Maslow’un ihtiyaçlar hiyerarşisi piramidine aşina olanlarımız vardır. Bu piramit bizi motive eden ve harekete geçmeye iten ihtiyaçları ortaya koyar. Maslow’un sunduğu bu teoriye göre doğumumuzdan itibaren ihtiyaçlarımızı gidermek adına harekete geçeriz. Beslenmek için ağlayan bir bebeği buna örnek olacak şekilde düşünebiliriz.
Biz büyüyüp dönüşürken ihtiyaçlarımız da dönüşüp değişir. Başlangıçta birincil ihtiyaçlarımızdan olan fiziksel ihtiyaçlarımız (beslenme, barınma vb.) vardır. Sonrasında dış dünyayla etkileşimimizin ve kendimizle ilişkimizin de bulunduğu güvenlik, aidiyet, saygınlık gibi ihtiyaçlar gelir. Piramidin en üstünde ise kendi potansiyelini keşfetme ihtiyacı vardır. Maslow’a göre nihai olarak bu noktaya geldiğimizde hayattaki doyumu bulabiliriz.
Piramit ve basamak görüntülerinden ötürü en tepeye ulaşmak bir zafer ve bitiş noktası izlenimi verebilir. Fakat tam tersine, Maslow’un tepeye konumlandırdığı kendi potansiyelini keşfetmek, kişinin kendi potansiyelinin farkında olması ve bununla ne yapabileceğini biliyor olması demektir. Yani bu konum, mükemmel olmak ve hayattaki tüm amaçlarımızı kusursuzca gerçekleştirmek anlamına gelmiyor.
Kendi potansiyelini keşfetmek
- iyilik halimizi, psikolojik sağlığımızı ve büyümemizi olumlu yönde etkiliyor.
- kendimizi gerçekleştirmemizi mümkün kılıyor. Kendimizi gerçekleştirmek, hedeflerimizle ve hayallerimizle yakından ilişkili olduğu için hayata karşı motivasyonumuzu diri tutuyor.
- ilişkilerimizin kalitesini ve ilişkilerden aldığımız doyumu artırıyor.
- Keşfetmeye açık ve istekli
- Kendini gerçekleştirmiş insanlar dönüştürücü deneyimlere açıktır. Yaşadıkları deneyimden keyif alırken hayatlarına da bir şey katabilirler.
- Kendilerini ve dünyayı keşfederken yeni hedefler edinebilirler. Hayatlarını anlamlı kılmaya ve çevrelerine yarar sağlamaya isteklidirler.
- Esnek
- Belirli hedefleri olsa da nihai amaçları o hedefe ulaşmak değildir. Hedefe giden yolu öğretici ve keyifli bir şekilde yürümeye çalışırlar.

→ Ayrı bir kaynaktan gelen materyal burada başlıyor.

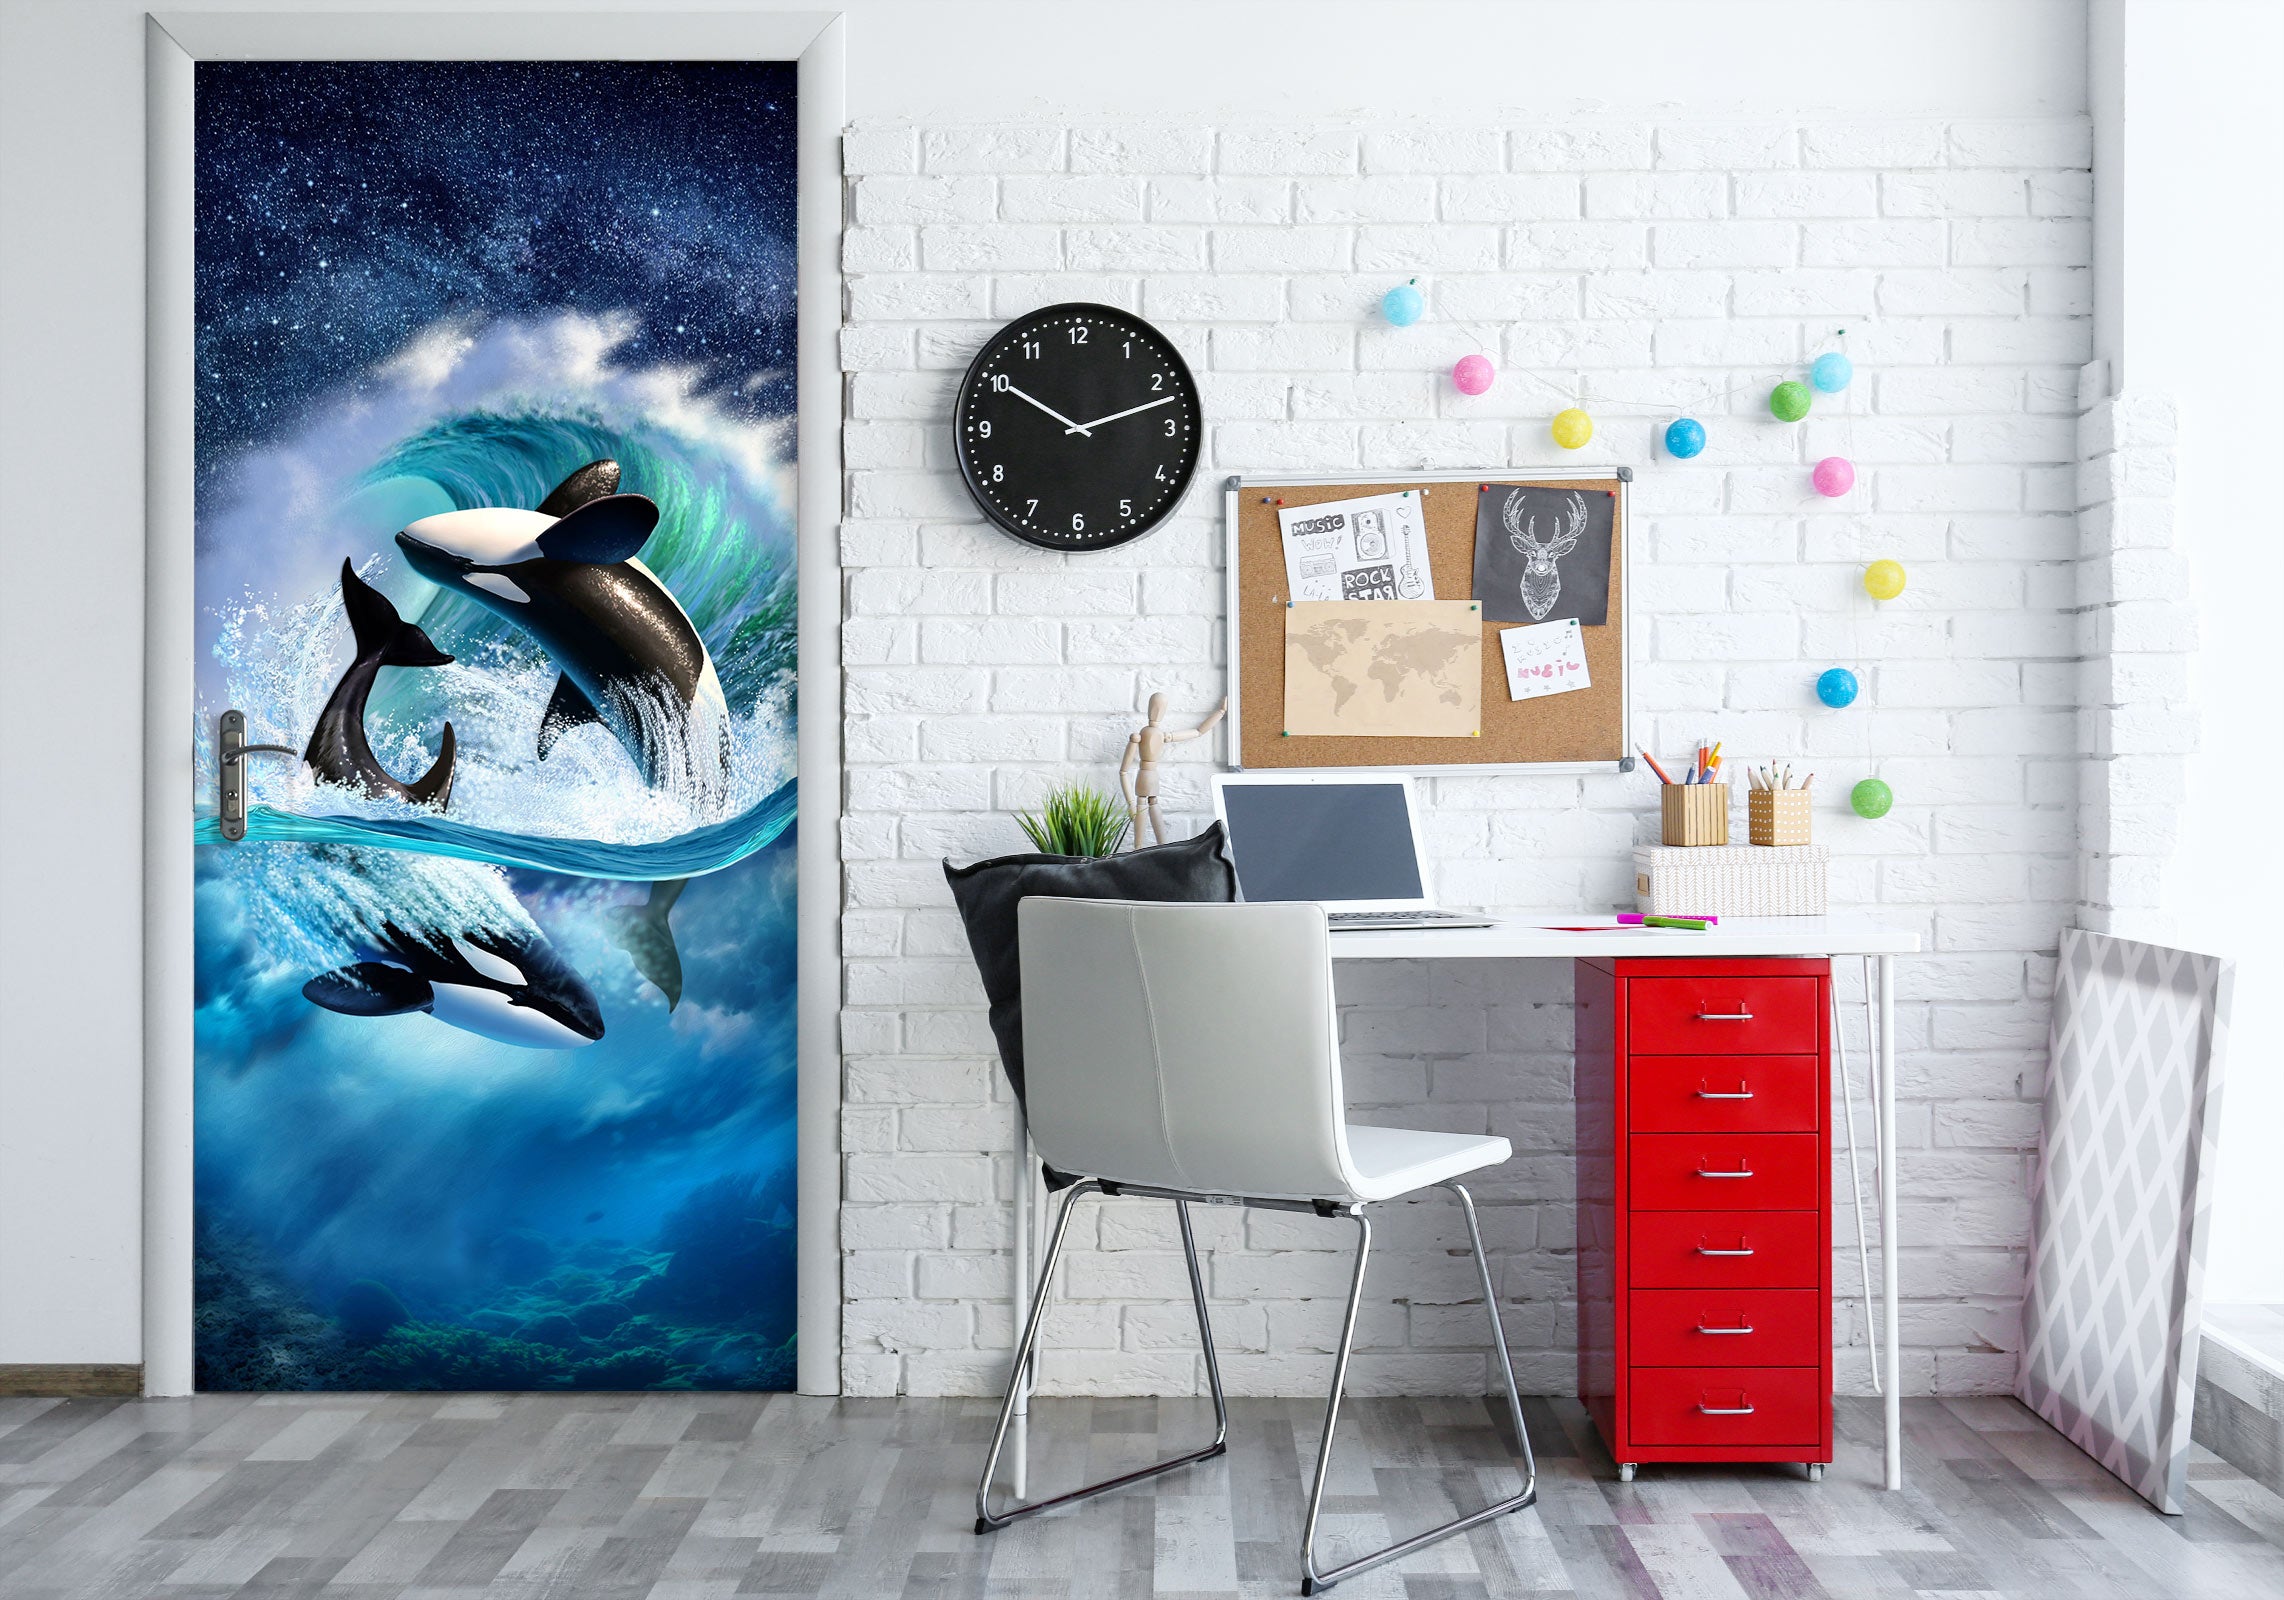 3D Waves Whale 112144 Jerry LoFaro Door Mural
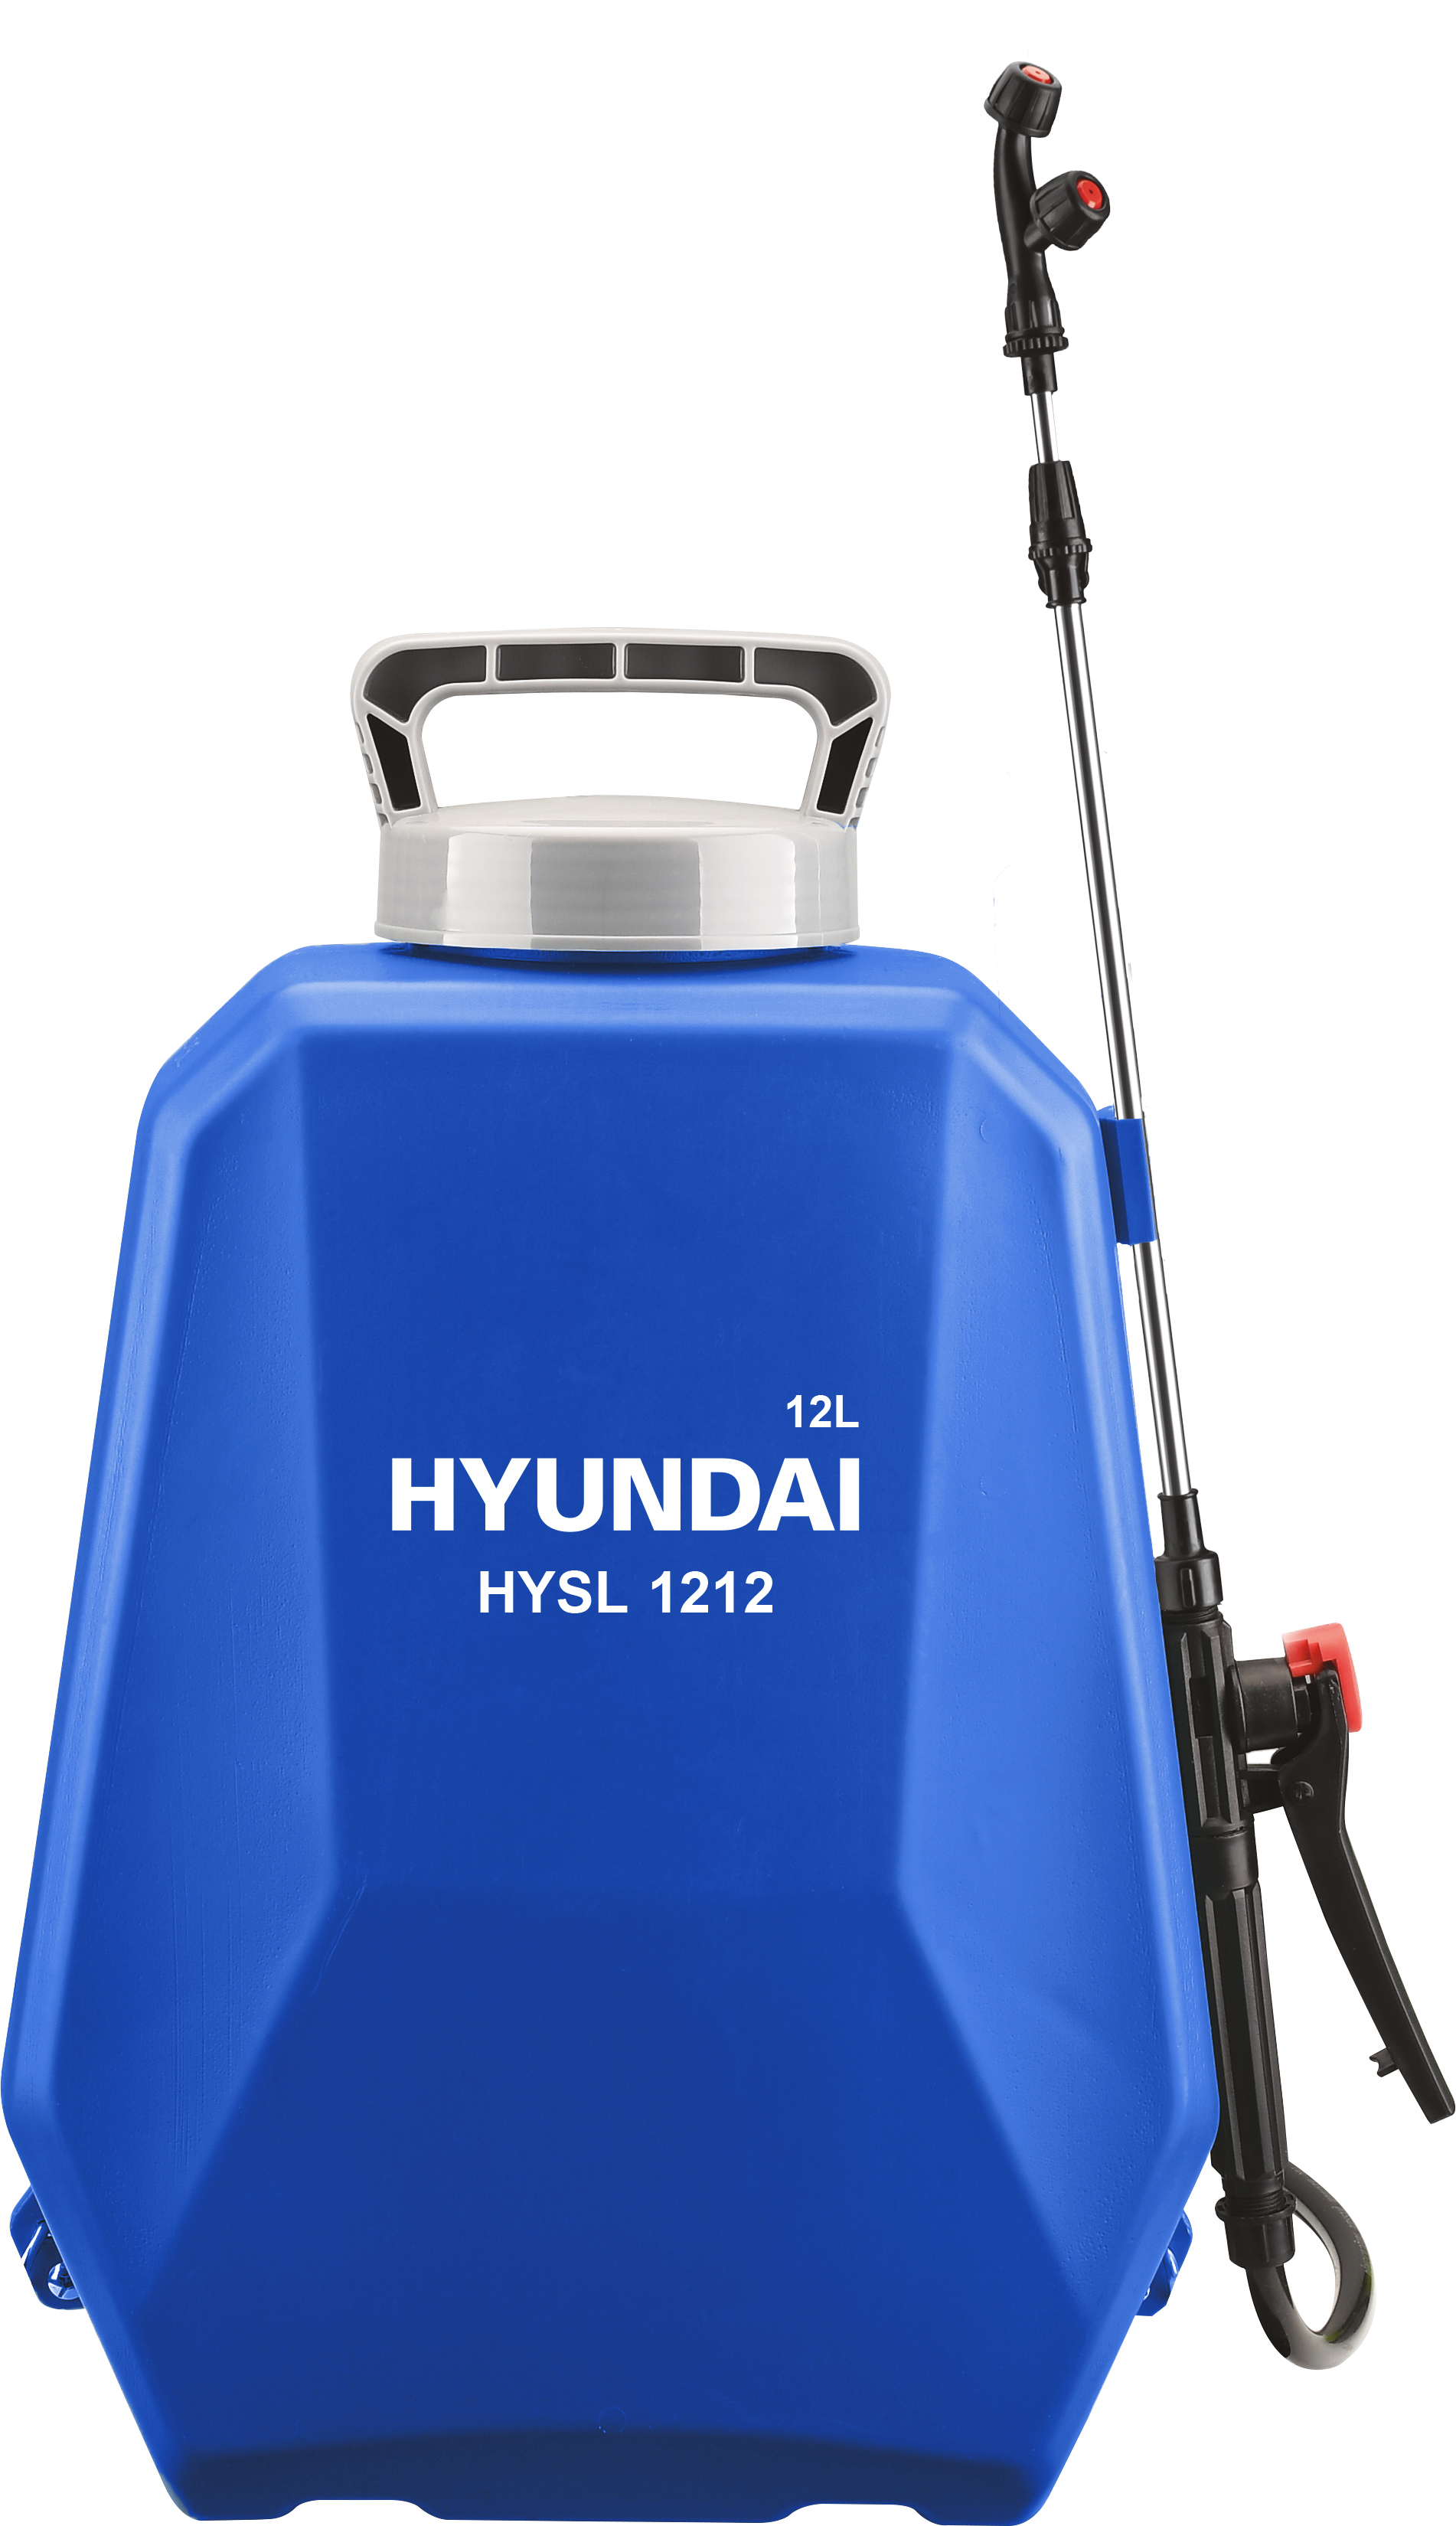 Аккумуляторный опрыскиватель Hyundai HYSL 1212 аккумуляторный опрыскиватель huter sp 12ac 70 13 28

- Kendilerine ait bakış açıları ve ilkeleri vardır. Takdir görme ihtiyacı ne kadar doğal olursa olsun mutlak olarak başkalarının onay ve sınırlarına bağlı kalmak zorunda hissetmezler.
- Olayların hayatın akışında gerçekleşmesi onlar için sorun değildir. Anlık gelişmelere ve değişikliklere açıktırlar.
- Gerçekçi
- Belirsiz durumlar ve değişiklikler hepimiz için zorlayıcı olsa da kendini gerçekleştirmiş insanlar bunlarla baş ederken içlerinde uyanan korkuya kapılmak yerine mantıklı ve gerçekçi bir tavır benimseyebilirler.
- Kendilerini ve başkalarını olduğu gibi kabul edebilirler. Suçluluk duygusuna kapılıp sürüklenmeden de kendilerini yetersiz gördükleri noktaları ve güçsüz oldukları yönlerini tespit edebilirler. Bu noktaları iyileştirmeye çabalarlar.
- Olumlu yönleri gören
- Bir deneyim ne kadar sıradan olursa olsun o deneyimin takdir edilesi ve keyifli yanlarını görebilirler. Gün batımını her gün görüp yine de güzelliğini fark edebilmeyi buna örnek olarak verebiliriz.
- Kendilerine ve çevrelerine karşı da düşüncelidirler. Mizah ve eğlence anlayışları olmasına rağmen çevrelerindeki insanların duygularını gözeterek hareket edebilirler.
- Meraklı ve üretken
- Kendini gerçekleştirmiş insanlar güçlü bir etik ve sorumluluk algısına sahiptir. Dünyanın ve çevrelerinin sorunlarına karşı duyarlıdırlar ve yapabilecekleri bir şey olduğunda destek olmaya isteklidirler. Bunu yaparken çözüm odaklı ve üretken bir tavırla hareket ederler.